Start of Data records
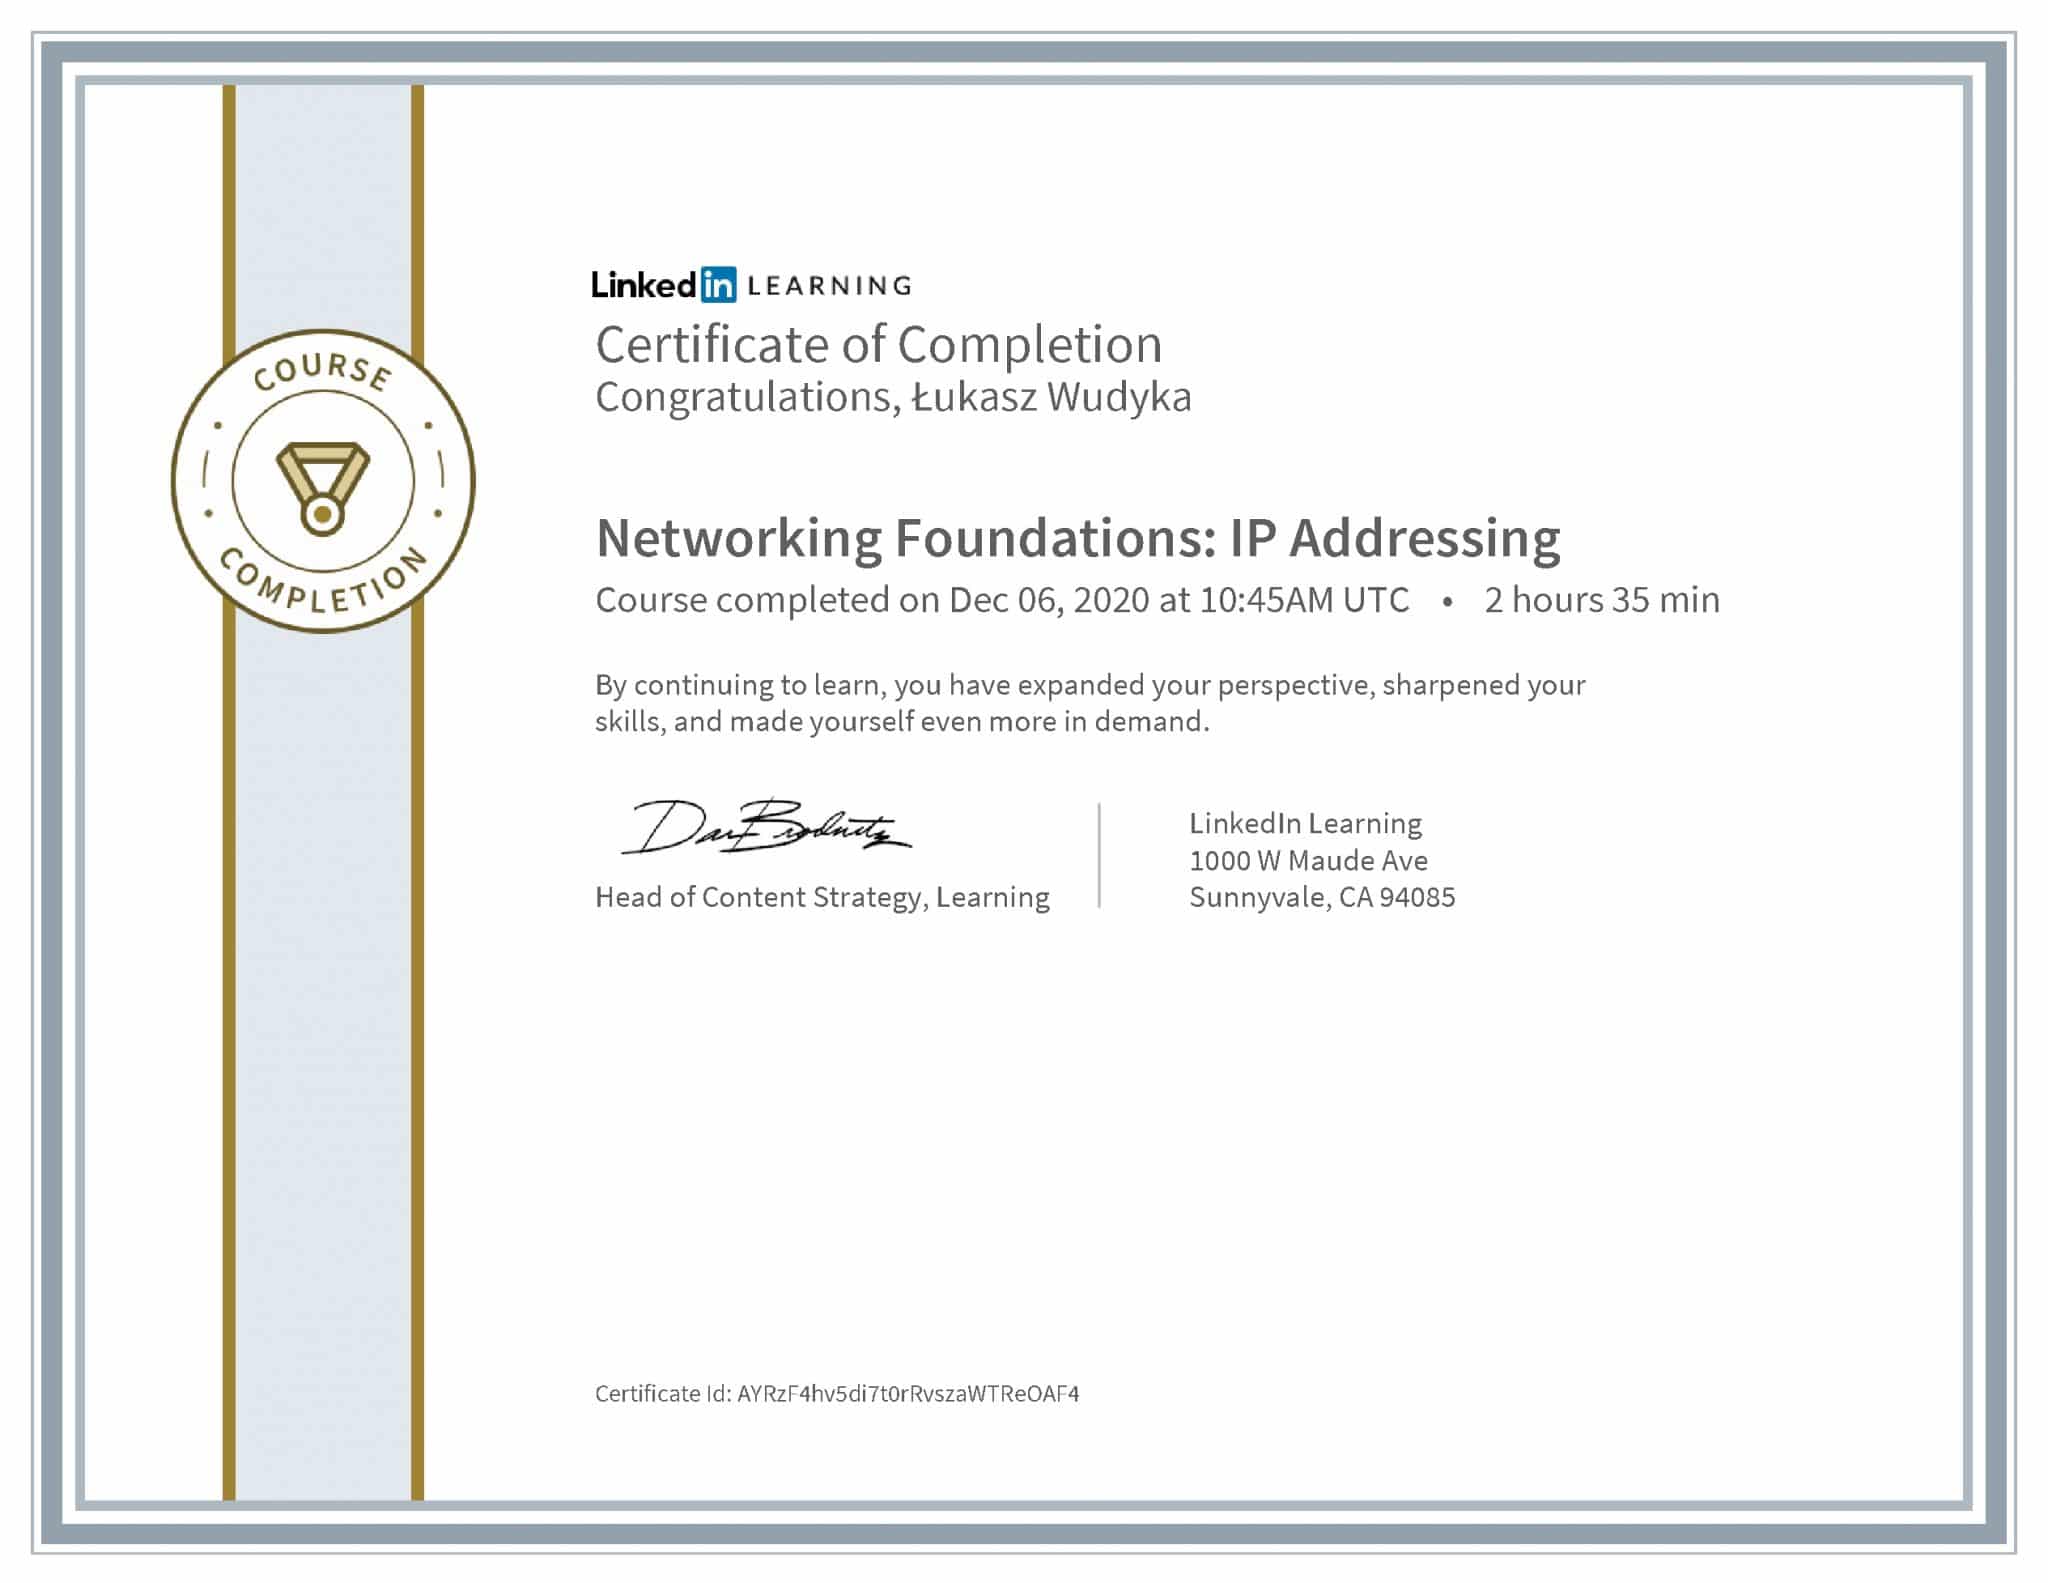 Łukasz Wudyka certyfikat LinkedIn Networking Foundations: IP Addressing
End of Data records
Start of Data records
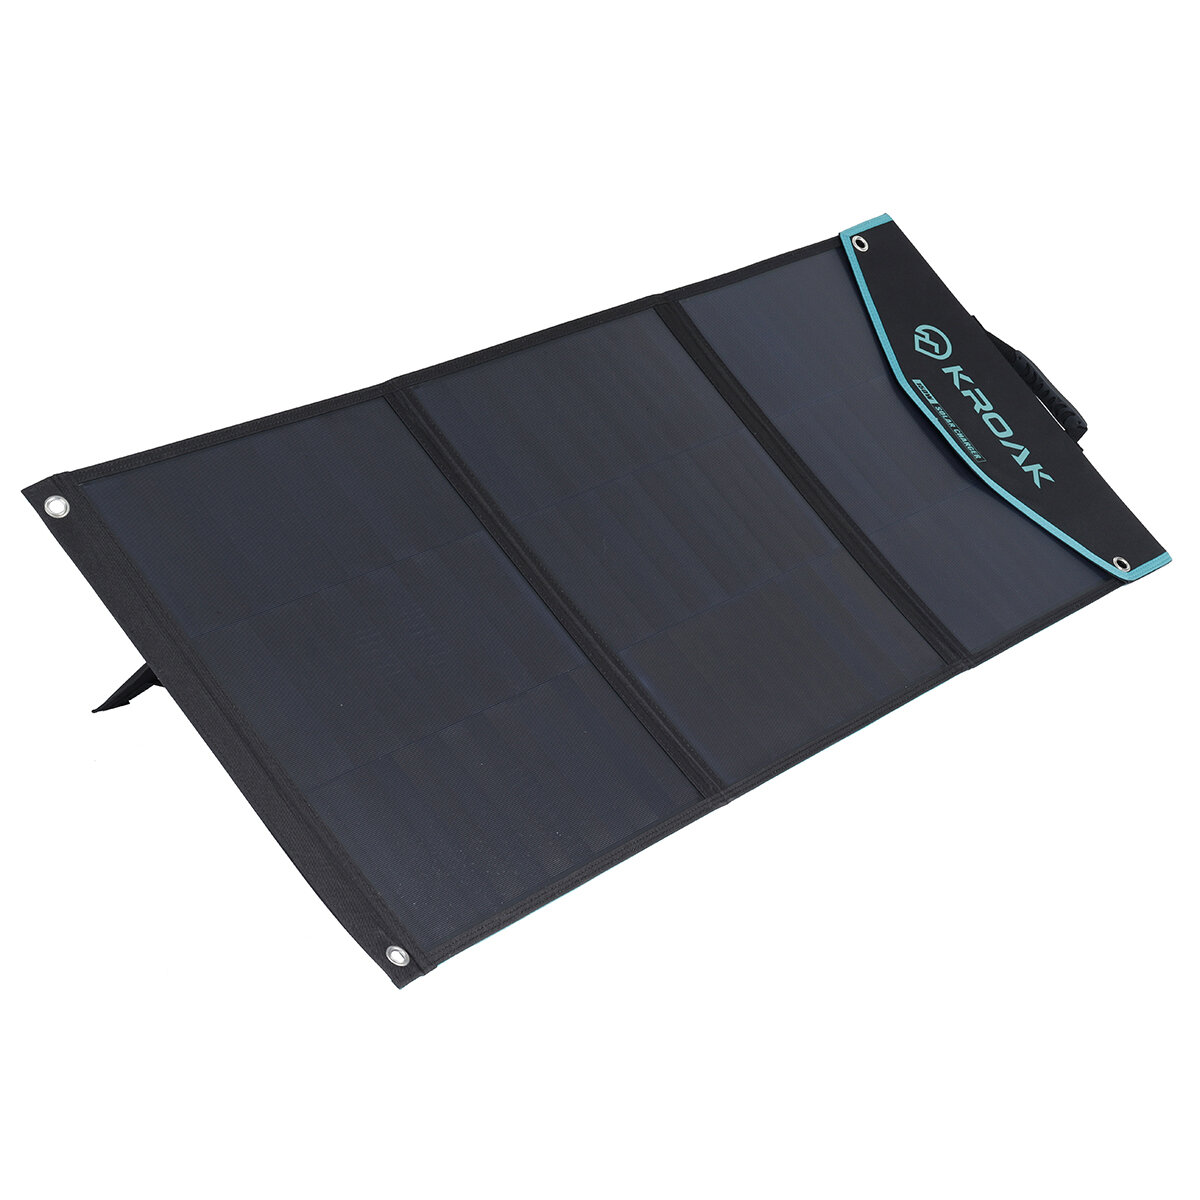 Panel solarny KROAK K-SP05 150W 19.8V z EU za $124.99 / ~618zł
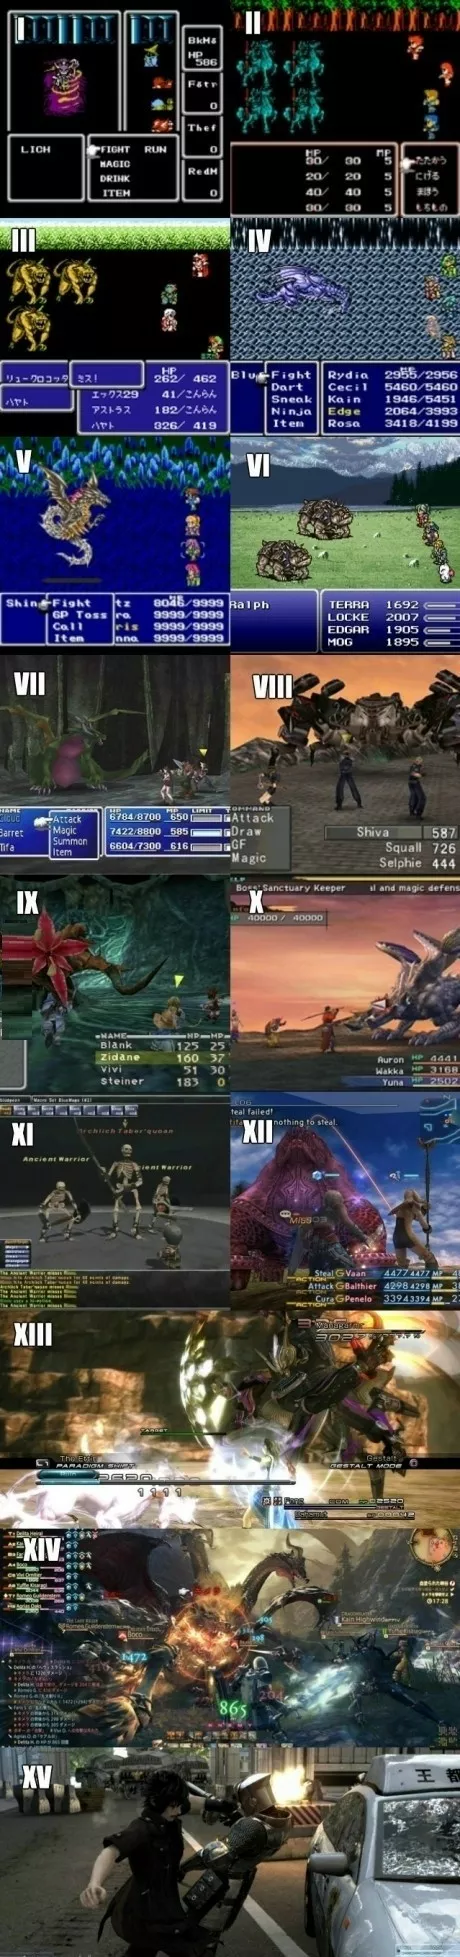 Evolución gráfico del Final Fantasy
End of Data records
Start of Data records
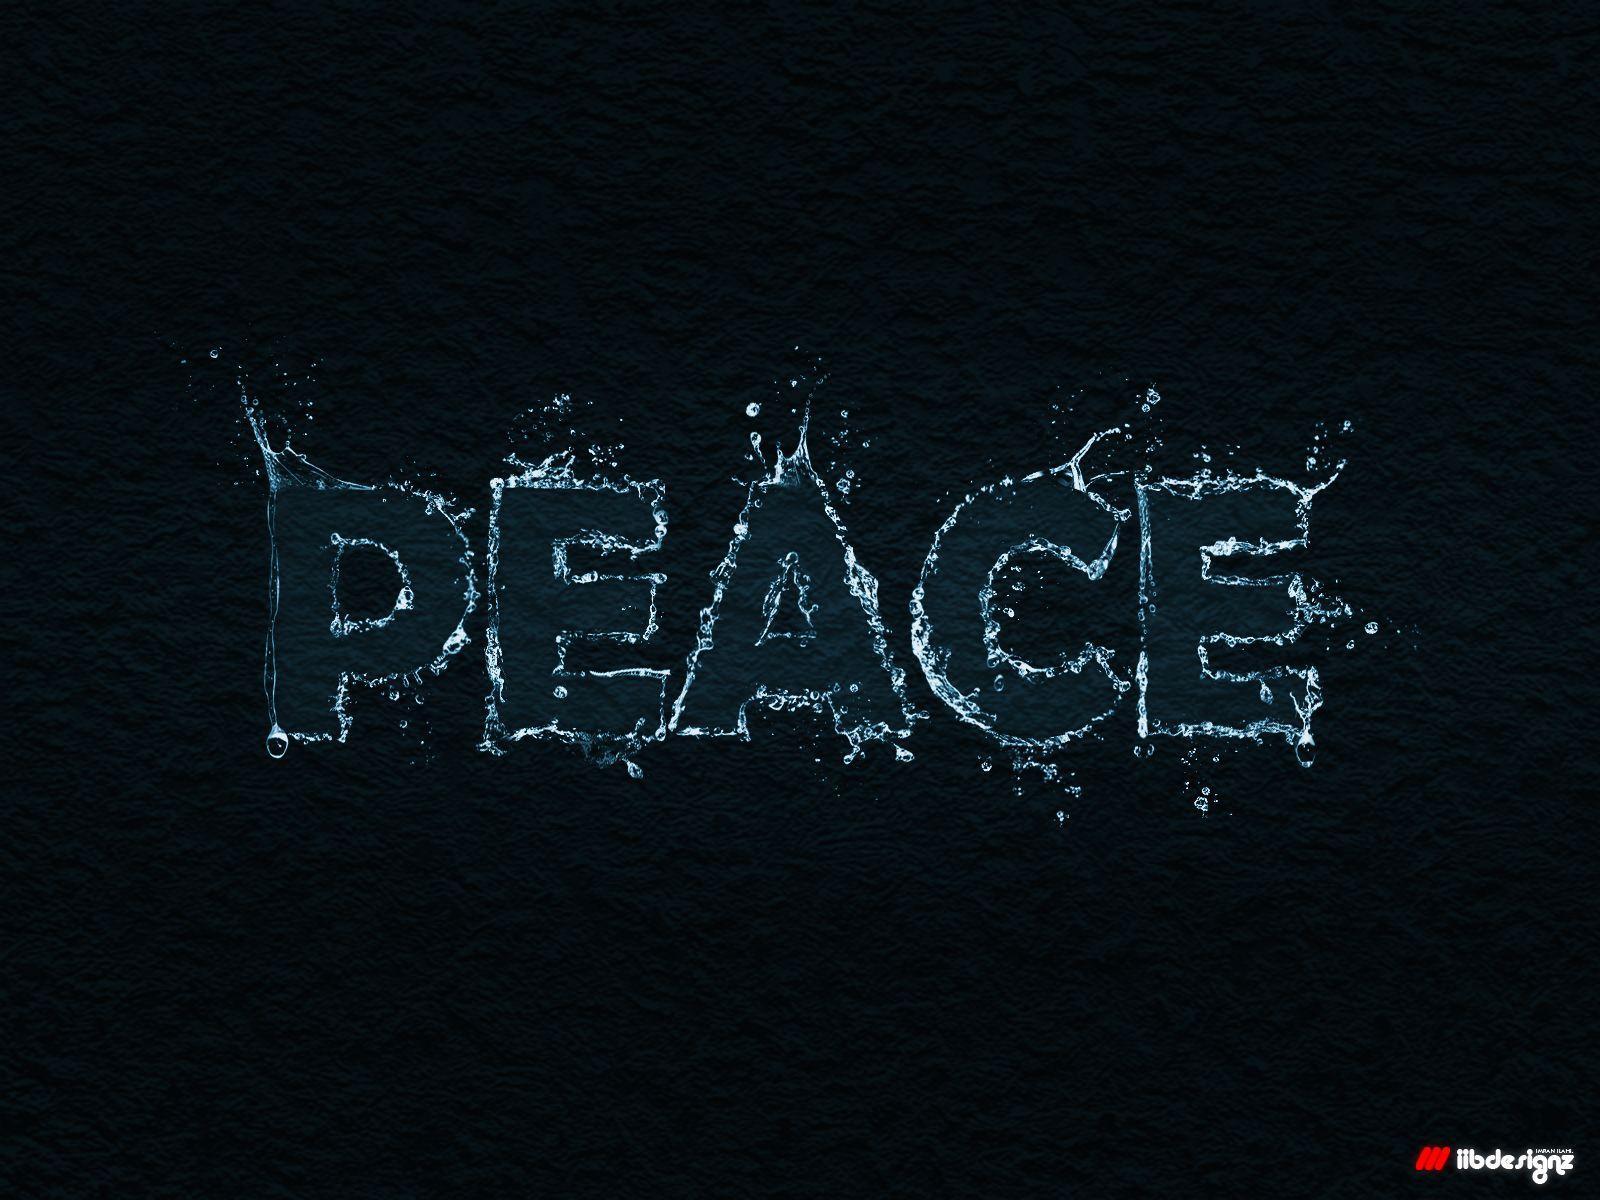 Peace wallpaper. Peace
End of Data records
**Directions for this task**
Leaving every picture aside, reproduce exactly the lines above from the one with "Panel solarny KROAK" up to and including the one with "Evolución gráfico del Final Fantasy", and no others.

**Answer section**
 Panel solarny KROAK K-SP05 150W 19.8V z EU za $124.99 / ~618zł
 Evolución gráfico del Final Fantasy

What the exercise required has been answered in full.